I'm also more bullish than average on St. Jude's transcatheter heart valve business. The prevailing wisdom is that Edwards Lifesciences and Medtronic will have the market locked up before St. Jude is even in the running, but I think St. Jude's cuff design and the ability to resheath and reposition the valve will be solid enough factors to at least allow mid-teens market share.

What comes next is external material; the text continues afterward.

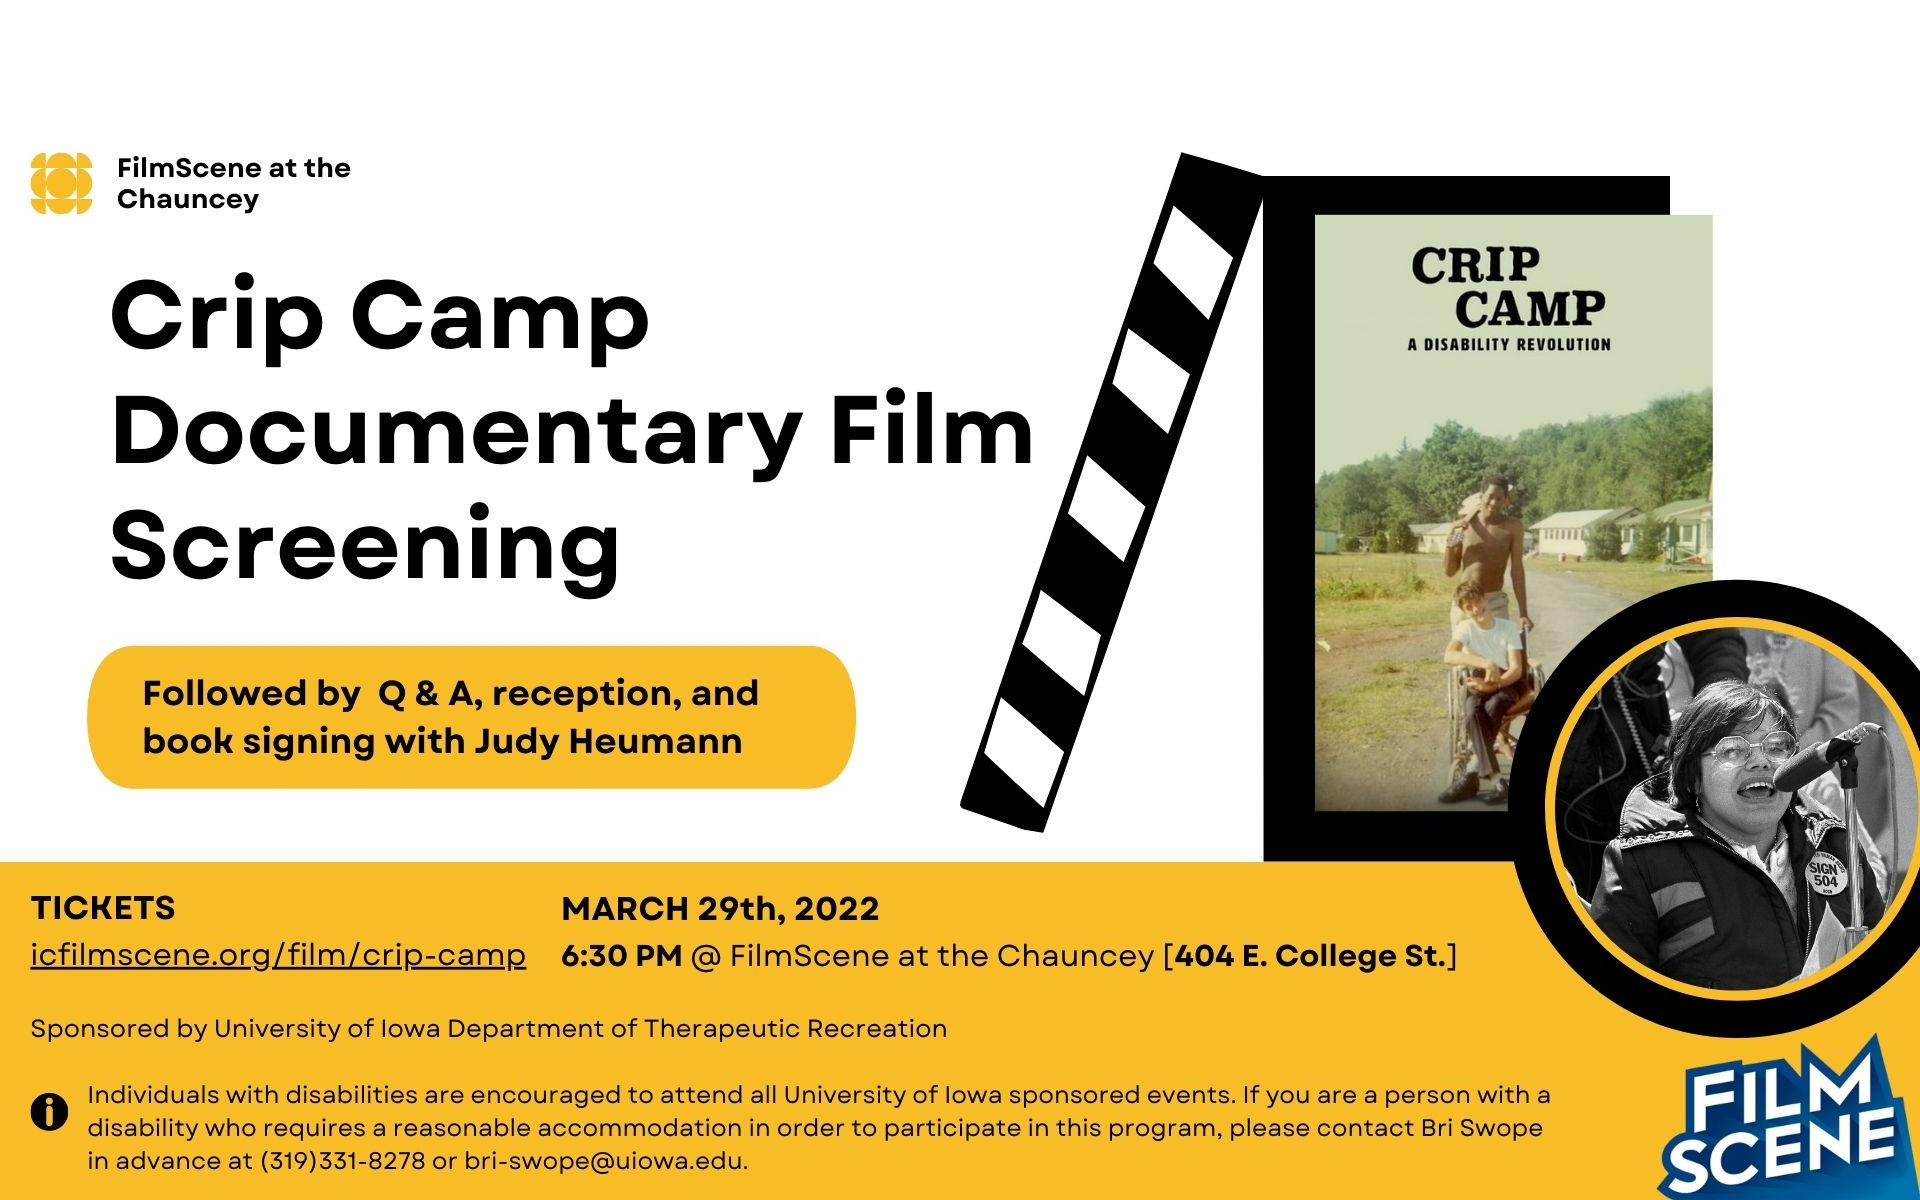 Judy Heumann appearing at Crip Camp film screening on March 29

CardioMems is another interesting opportunity for St. Jude. CardioMems has developed an implanted sensor that measures pulmonary artery pressure and allows doctors to adjust the treatment protocols for congestive heart failure patients, improving their health and reducing the number of hospitalizations. This isn't a slam-dunk marketing success (the FDA panel voted 6-4 that the benefits outweighed the risks, but also only 4-7 that there was "reasonable assurance" of efficacy). St. Jude has the option to acquire CardioMems, and the device could address a nearly $2 billion revenue opportunity at full penetration.
The bottom line
I've been a St. Jude bull for a while, but the valuation is harder and harder to justify. While I do believe you can argue for a fair value of $55 if everything goes well (based on revenue and cash flow growth in the 6% to 7% range), my base-case scenario is closer to $50 right now. I wouldn't be in a hurry to sell if I owned shares (though I might think about protective stops), but it's hard for me to argue as strongly for buying St. Jude now that sentiment has shifted more firmly into bullish territory.